昨今さまざまな製品に導入され、私たちの生活にもすっかり浸透した「AI」。AIが今最も注目を集める技術の一つであることは理解しつつも、「AIって結局何なの?」「機械学習や深層学習とAIは別物?」など、あやふやな部分も多いのではないでしょうか?
そこで今回は今さら聞けないAIの基本を徹底解説! AI業界に興味があるエンジニアはもちろん、AIを使ったビジネスを検討している人も必見です。
AIとは?
AIとは、Artificial Intelligence(アーティフィシャル・インテリジェンス)の略で、日本語では「人工知能」と訳されます。2014年には「20年後までに、AI・ロボットによって人間の仕事の約50%が消滅する」という説が広まり、「AIは怖いもの」というイメージを持っている人も多いかもしれません。一方で、超少子高齢化社会により今後労働者が不足するといわれている日本にとって、AIは救世主になる可能性も秘めています。
この見出しでは、AIとはどんなものなのかを徹底解説。「そもそもAIとは?」という内容から「機械学習・深層学習とは?」まで掘り下げて解説していきます。
AIってどういう意味?
AIの定義についてはこれまで数多く議論されてきましたが、実は明確な定義はありません。AIの定義として語られているものの一部は以下の通りです。
多義的なAIですが、AIの大きな特徴としては「自立性(Autonomy)=常に人間が操作する必要なくタスクを自動的に実行する能力」と「適応性(Adaptivity)=過去の経験から最善策を導き出す能力」が挙げられます。自立性はロボットにも備わっていた能力ですが、適応性はAIならではの能力です。
「AIの種類」って何?
AIは役割や能力などによって「特化型AI」「汎用型AI」の二つの種類に分けることができます。それぞれどんな特徴があるのか見ていきましょう。

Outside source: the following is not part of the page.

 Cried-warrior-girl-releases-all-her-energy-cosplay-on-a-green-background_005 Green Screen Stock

特化型AIとは、一つもしくは少数のタスクのみに特化したAIのことを指します。例えば、お掃除に特化した「ルンバ」や囲碁に特化した「AlphaGo(アルファ碁)」なども特化型AIの一つです。特化型AIは、特定の分野にしか力を発揮できず、自我を持っていないことから「弱いAI」と称されることも。特化型AIは設計する際に、目的に応じて人間がAIに学習させる必要があります。現在実用化されているAIはすべて特化型AIです。

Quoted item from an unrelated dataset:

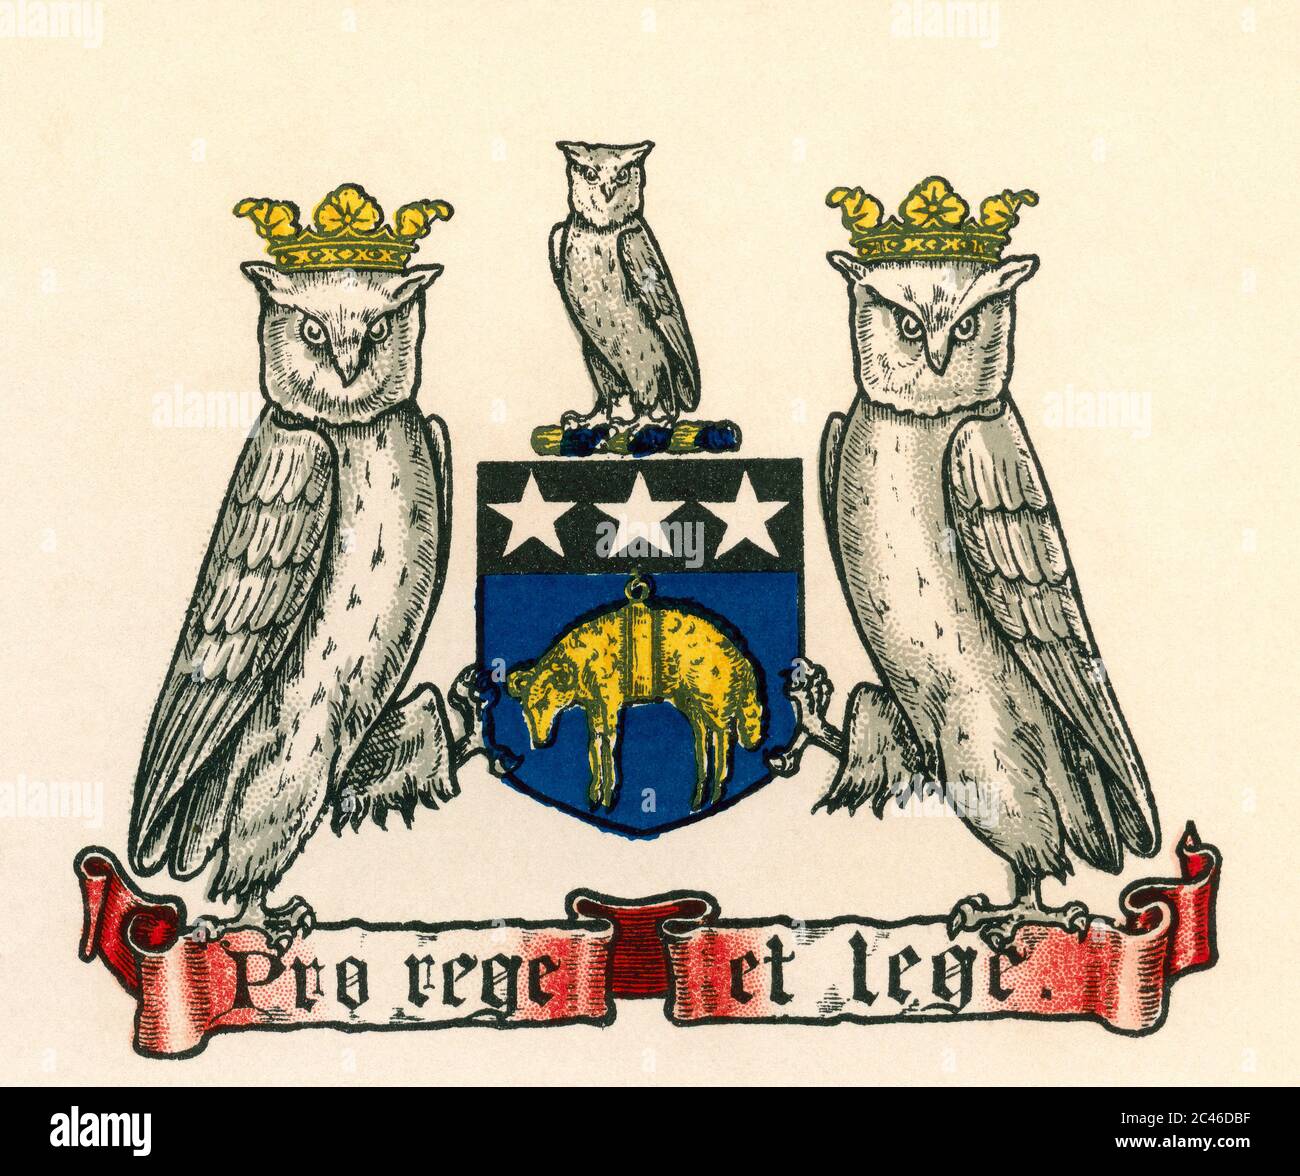 Coat of arms of Leeds, England. These arms were used prior to 1921.  From The Business Encyclopaedia and Legal Adviser, published 1907. Stock Photo

汎用型AIとは、私たち人間と同様に多数のタスクをこなし、自分で考えて行動できるAIのことを指します。ドラえもんや鉄腕アトムは、まさに汎用型AIが搭載されたロボットといえるでしょう。人間と同じような知性や自我を持つ汎用型AIは「強いAI」と称されることもあります。汎用型AIはまだ実用化されておらず、実用化にはまだまだ長い年月が必要といわれています。
なぜ今AIがブームなの?
「AIは最近の技術」だと思っている人は多いかもしれませんが、実はAIの起源は70年以上前の1956年。当時ダートマス大学のジョン・マッカーシー教授が「人間のように考える機械」を「人工知能」と名付けたことがAIの始まりです。それからAIは「ブーム(繁忙期)」と「冬の時代(閑散期)」を繰り返しながら発展を続けており、2010年ごろから現在まで続いているブームは第3次ブームとされています。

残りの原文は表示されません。